In this study, the qRT‐PCR data indicated that MMP‐12 mRNA expression tended to be higher in aged mice than young mice, although this difference was not statistically significant. A previous study reported that osteoclasts expressed MMP‐12 in addition to MMP‐9 and ‐14, and that MMP‐12 was capable of cleaving the major bone matrix proteins, including osteopontin and bone sialoprotein. Although MMP‐12 localization was not examined, it might be expressed in osteoclasts of the mandibular bone.

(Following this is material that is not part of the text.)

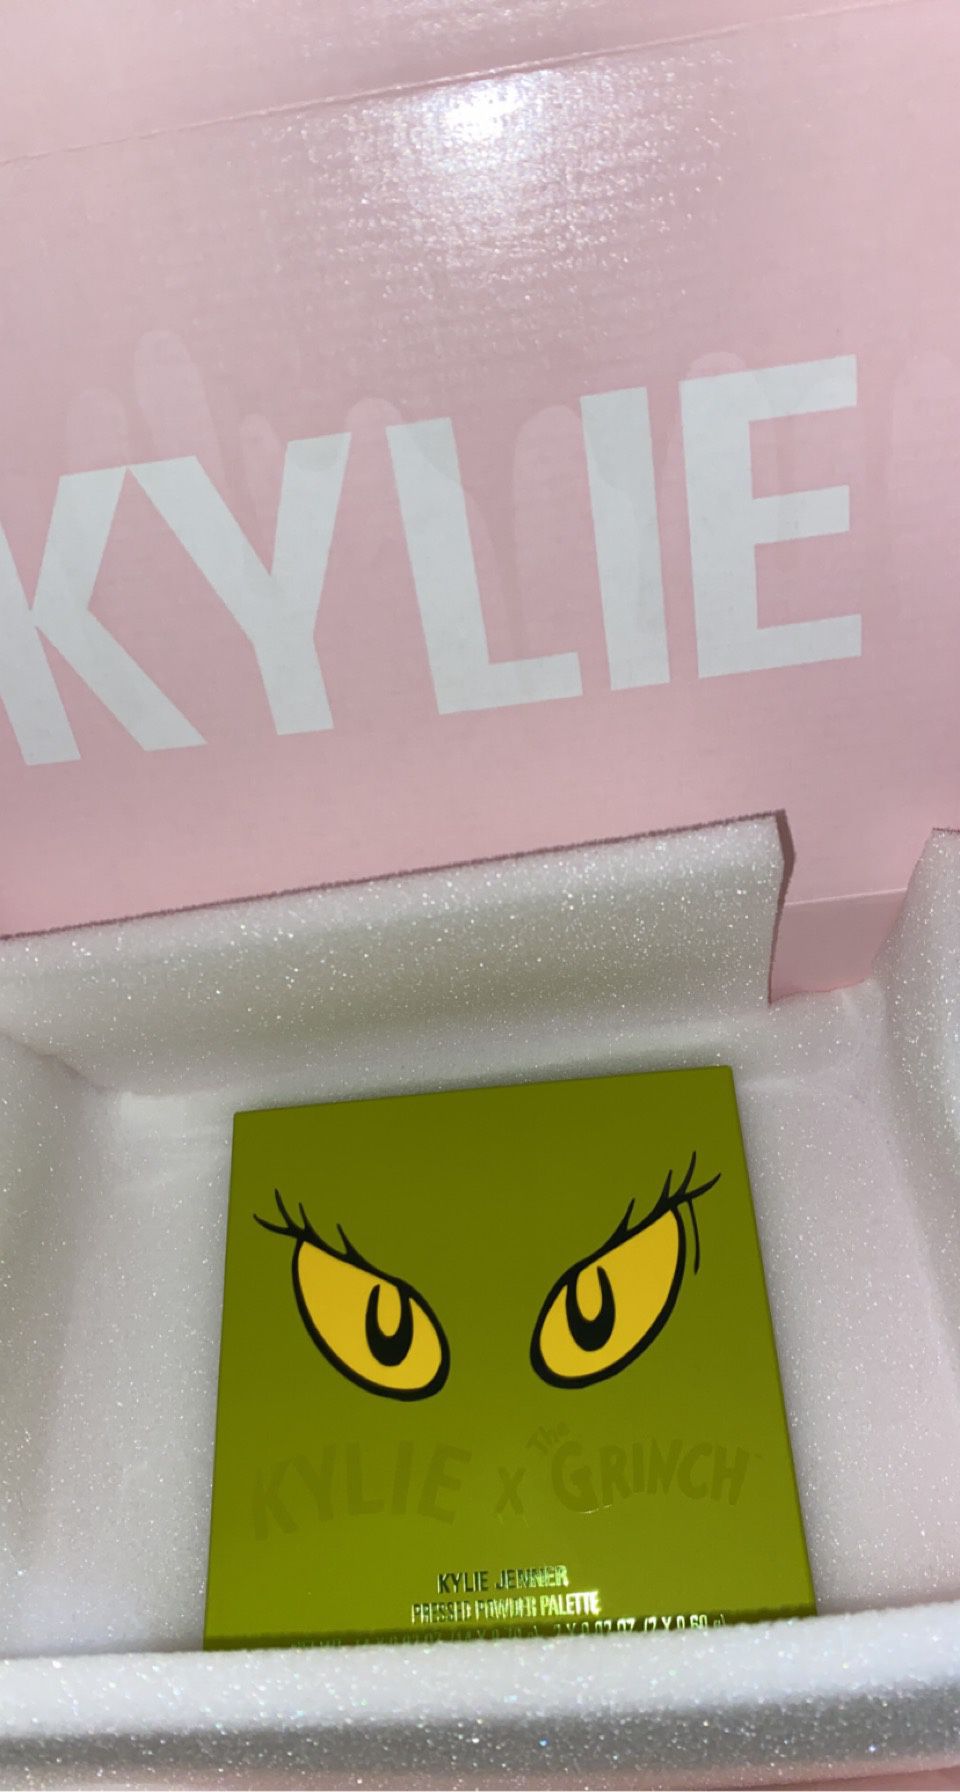 Kylie X The Grinch pressed powder palette

Our study demonstrated that the expression of MMP‐3 and ‐10 increases with age and that these MMPs have different localization in the mandible. These results suggest that elevated expression of MMPs in a site‐specific manner promotes degradation of the ECM, which contributes to aging of periodontal tissues. However, further investigations are required to clarify the roles of MMP‐3 and ‐10 during the aging process and to provide more information to better understand the aging of periodontal tissue.

CONFLICT OF INTEREST

The authors have no conflict of interest to declare.